Искаженный треском помех шепот из портативной рации бесповоротно ломает все очарование ночи. Рация вовсе даже не военного вида, куплена Кэпом еще дома на собственные деньги. В некоторых ситуациях связь внутри группы просто необходима, а у родного армейского начальства, как всегда, снега зимой не выпросишь, не то, что дополнительного нештатного оборудования. Шепот контрактника, долетевший с другой стороны лагеря, пронзая радиоволнами равнодушный эфир, громом ударил по и так натянутым нервам, Шварцман весь подобрался. Вот оно началось! Завозился, поправляя снаряжение, щелкнул предохранителем автомата.
— Ты чего? — недовольно прошипел рядом Кэп. — Блохи закусали? Чего вертишься?
— Так это… — не понял вопроса Шварцман. — Пора же, пойдем сейчас…
— Уймись, никто никуда не идет, — цыкнул на него Кэп. — Точнее идет, но не мы с тобой и вообще не здесь.
— Не понял…
— Нечего понимать. Сейчас Петрович, Цыпа и Шнур сползают аккуратно, заложат взрывчатку, под дом с боевиками, да заминируют ихний склад. Вот и все. А ты куда собрался, вояка?
Шварцман был так удивлен словами командира, что даже пропустил мимо ушей обидного «вояку».
— Так мы что же? Просто возьмем их и взорвем? А разведданные? А «языки», полевой допрос?

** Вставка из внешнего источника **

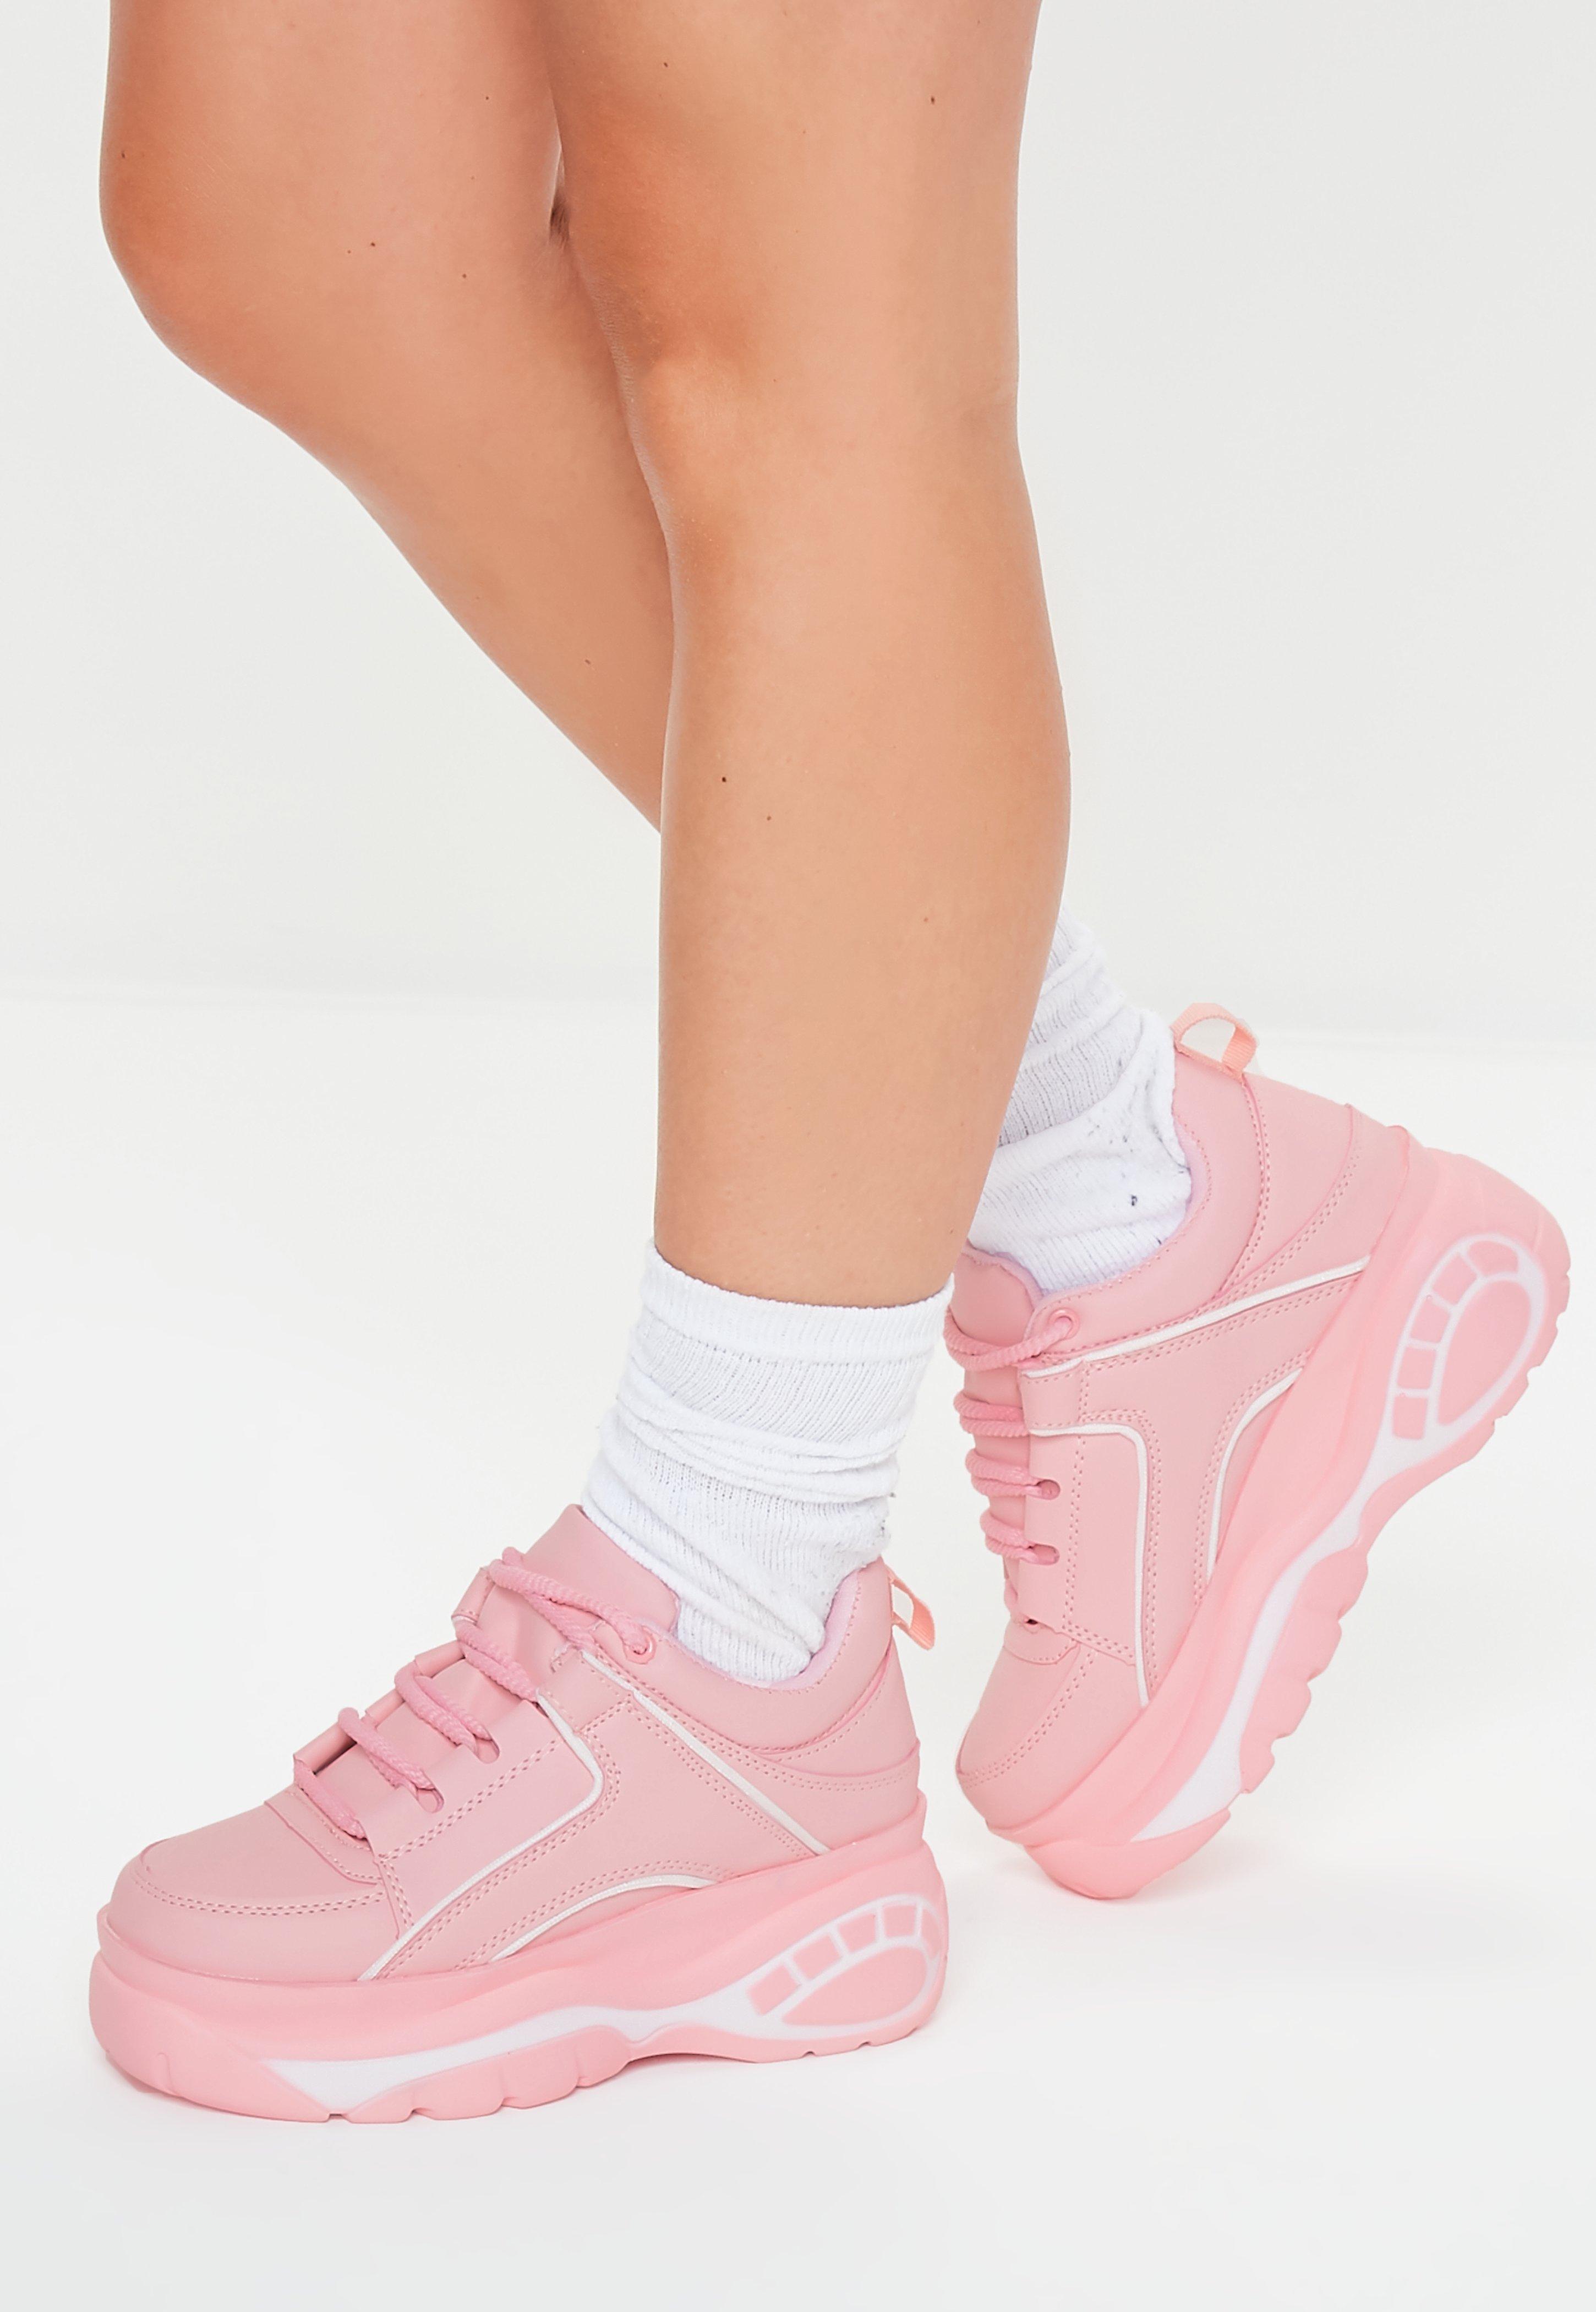 newest 87847 2d146 Shoes   Women s Footwear Online UK - Missguided

— Блин, ну и нудный же ты тип, Черный, — мотнул головой Кэп. — Тебе же русским языком сказано, взорвем только хибару с чеченцами. Они-то тебе на кой? Что ты хочешь от них узнать? Они же просто мясо, мясо и не более того. А вот арабов, конечно, попробуем спеленать живьем. Это и впрямь ценные типсоны. Много интересного в штабе рассказать могут. Все, теперь не отвлекай меня, смотри лучше, наши уже двинулись.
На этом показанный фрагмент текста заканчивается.